Deadline deal poster boy

JIM BENDER -- Sun Media

, Last Updated: 10:20 AM ET

Even more than a quarter of a century later, he is still the poster boy for the NHL's annual trade deadline.

In one of the most famous deadline-deals ever made, the New York Islanders acquired centre Butch Goring from the L.A. Kings for Bill Harris and Dave Lewis in 1980. And the rest really did become hockey history. Goring was credited as the missing ingredient that New York needed as he then led the Isles to the first of four consecutive Stanley Cups.

"There's not a lot of trades that work out that well when they're made that late in the season," said Goring, who was in town to participate in the annual Oldtimers' Hockey Challenge at the MTS Centre last night. "And I don't mind hearing that it was a great trade."

Goring scored seven goals and 19 points in 21 playoff games that year. The next year, the Winnipeg native scored 10 goals and 20 points in 20 NHL playoff games, winning both the Stanley Cup and the Conn Smythe Trophy as the top playoff performer that year.

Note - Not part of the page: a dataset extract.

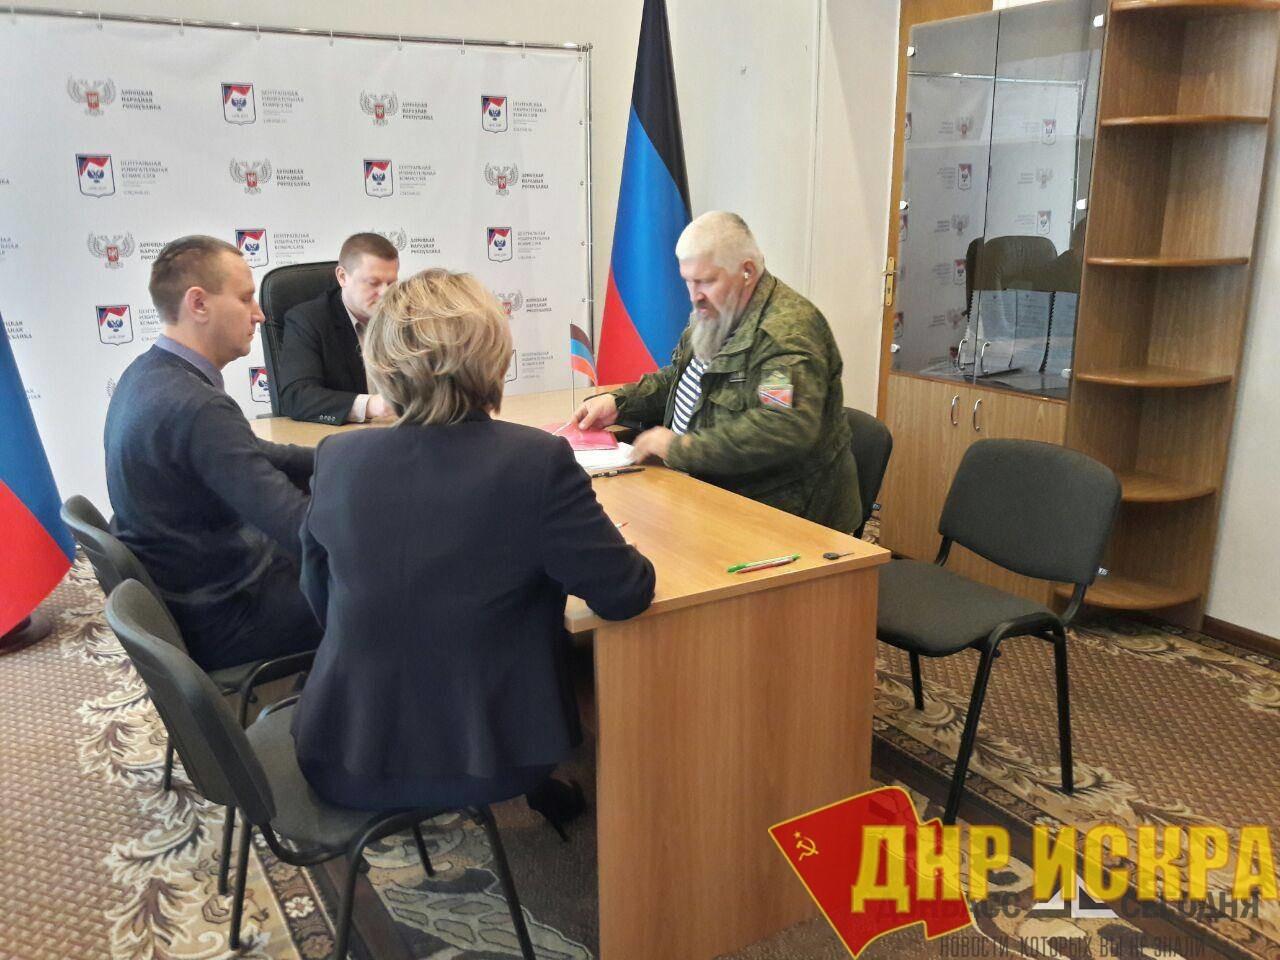 Определён список кандидатов на выборы Главы ДНР

"I tell everyone that the second one (Cup) was better -- and it had nothing to do with winning the Conn Smythe," said Goring, 57. "When I first joined the team that late in the season, I did not feel that comfortable with the team. But that second year, I felt like I was an Islander and it was a lot more fun.

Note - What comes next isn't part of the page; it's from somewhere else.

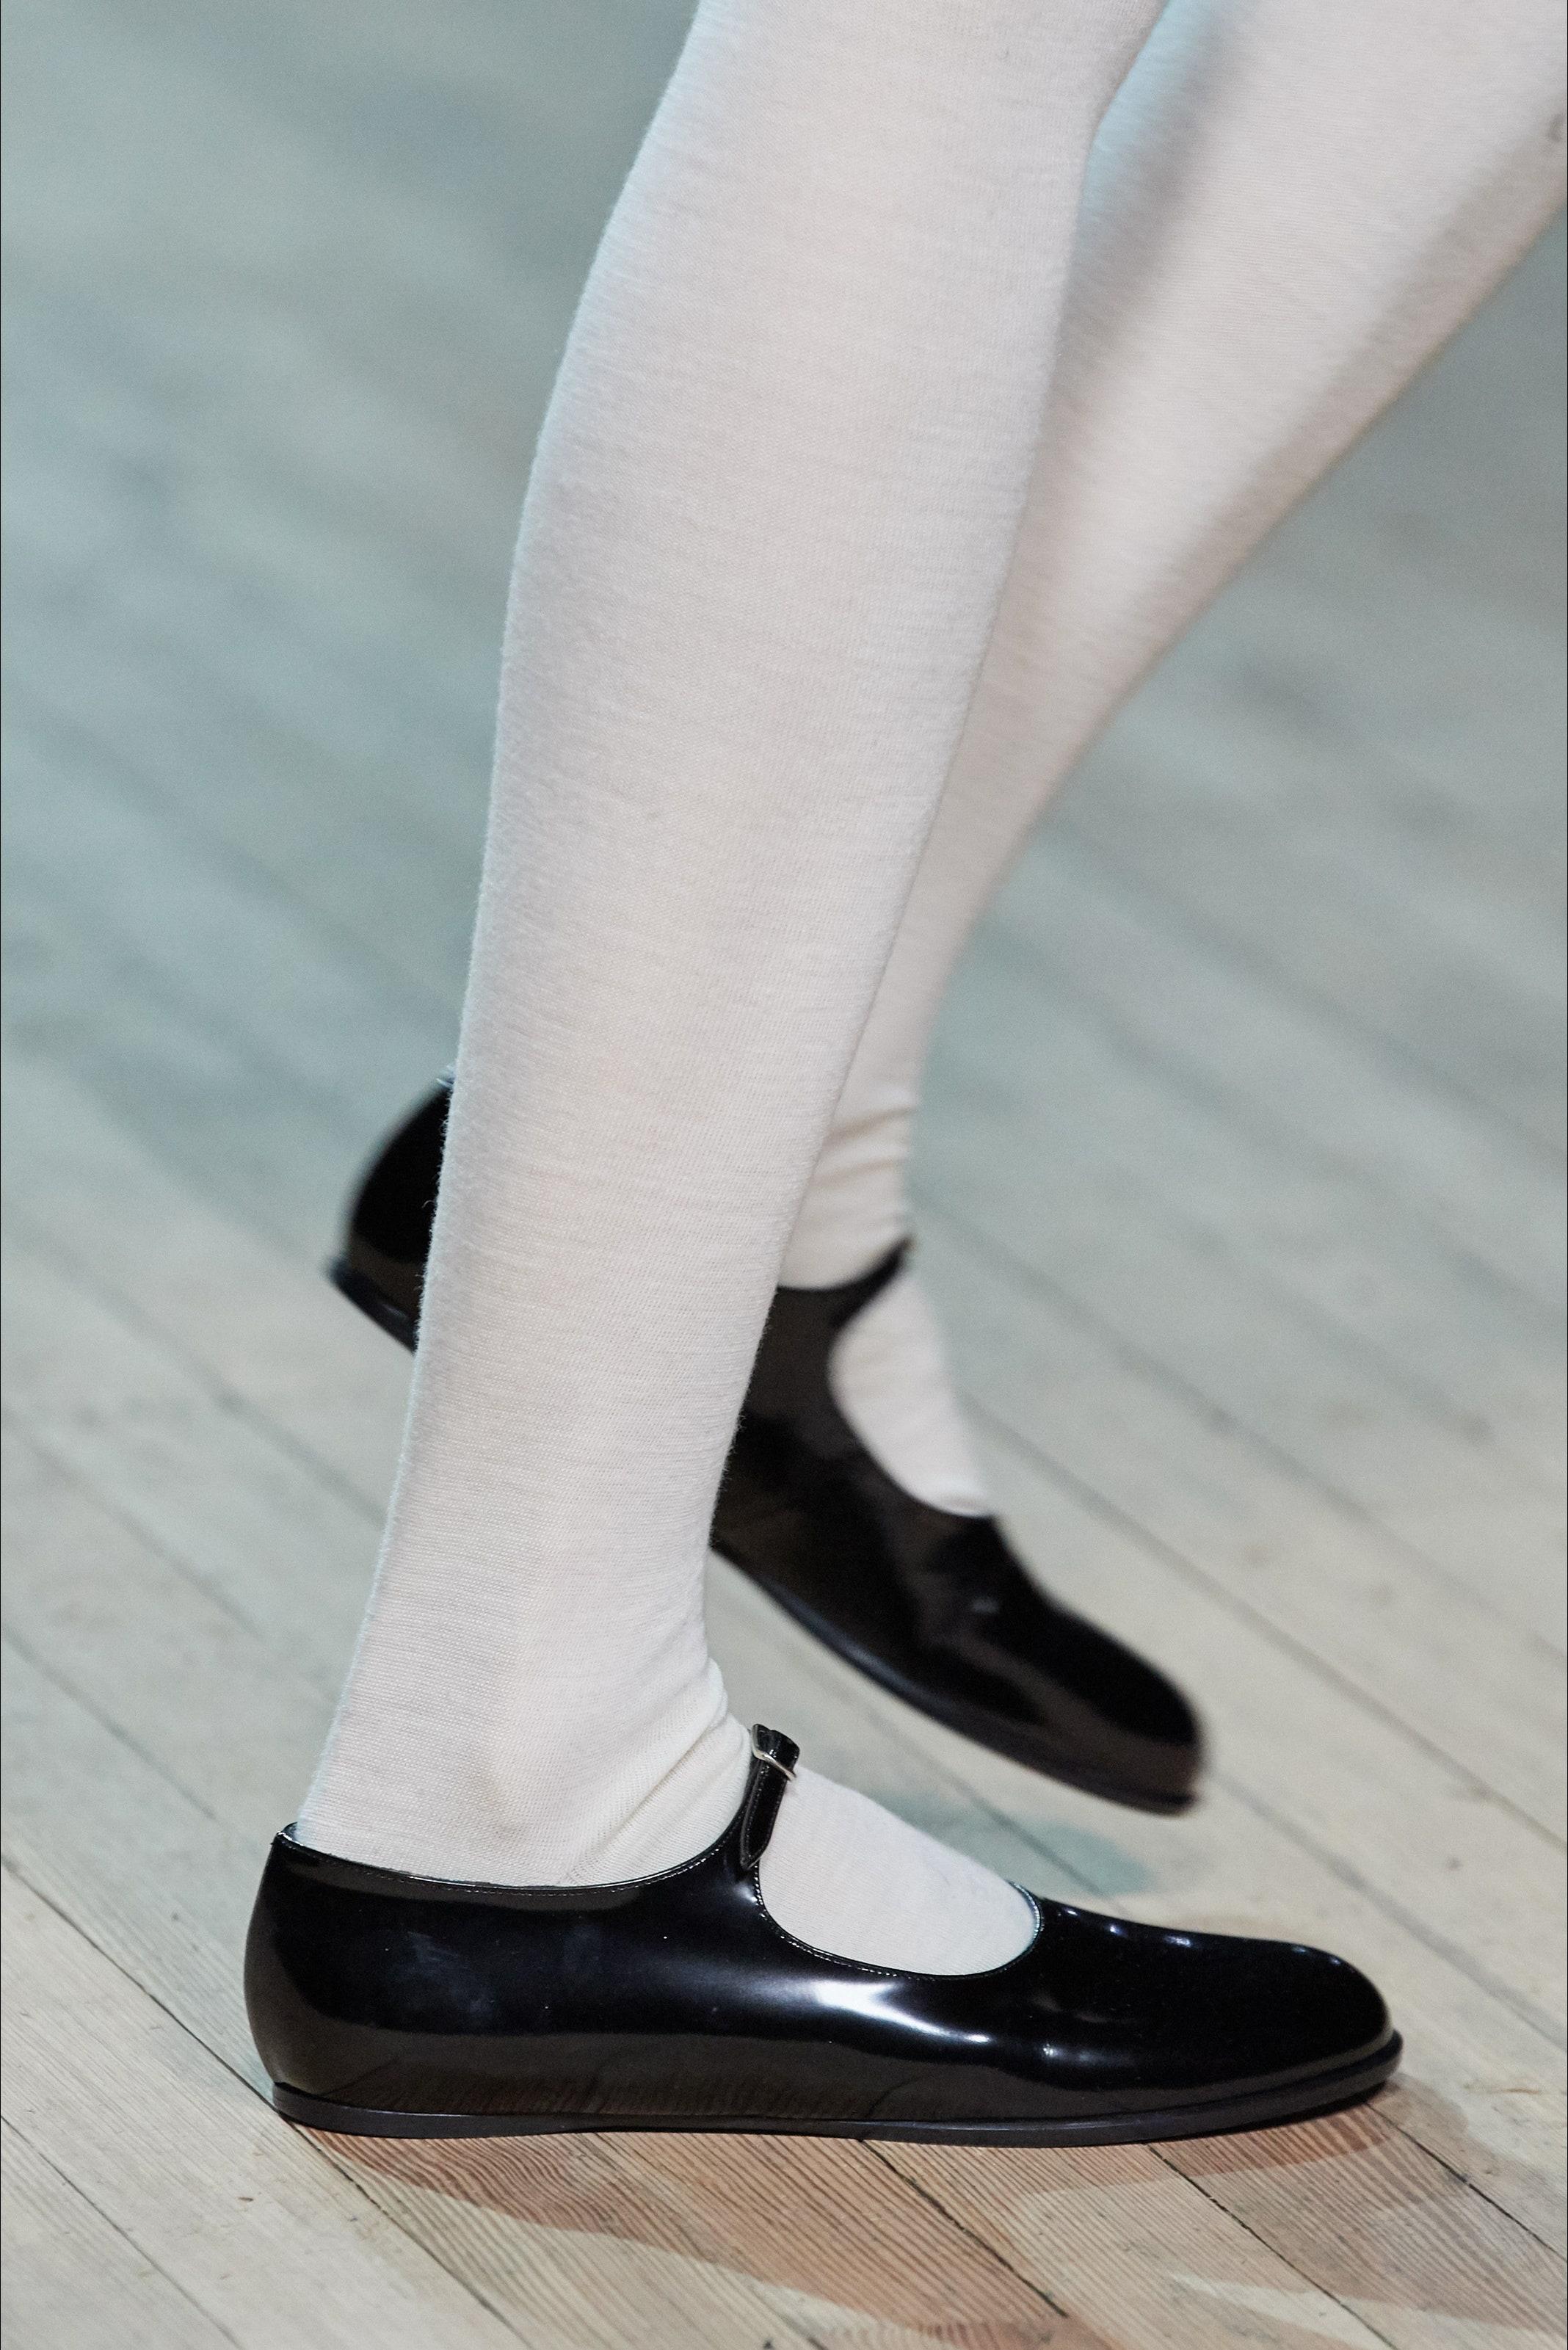 Giày búp bê Mary Jane trong BST Thu - Đông của Marc Jacobs 2020

"We won four straight Stanley Cups and obviously, when you're winning Stanley Cups, it's always a great memory. And with a team as good as the Islanders, it was so much fun to go to the rink and not have to deal with the pressures of not knowing whether or not you can win."

Goring, who was also visiting his parents here, scored 375 goals and 888 points in 1,107 NHL regular-season games and added another 38 goals and 88 points in 134 NHL playoff matches. The MJHL product also won both the Lady Byng and Billy Masterton Trophies in 1978.

And while there are other problems with the modern-day NHL, Goring likes the fact that more skill players are allowed to strut their stuff.

"The new rules have provided the quickness factor to return to the game and that has helped the skill guys to shine," said Goring, who played at 5-foot-10 and 165 pounds.

Goring also had a successful coaching career, winning two IHL championships with the Utah Grizzlies and another title in Germany.

"I'm still hoping to get back into the NHL as a coach," said Goring who is working with city-run minor hockey league programs in New York City when he is not barnstorming with such Legendary Hockey Heroes as Bryan Trottier and Dale Hawerchuk.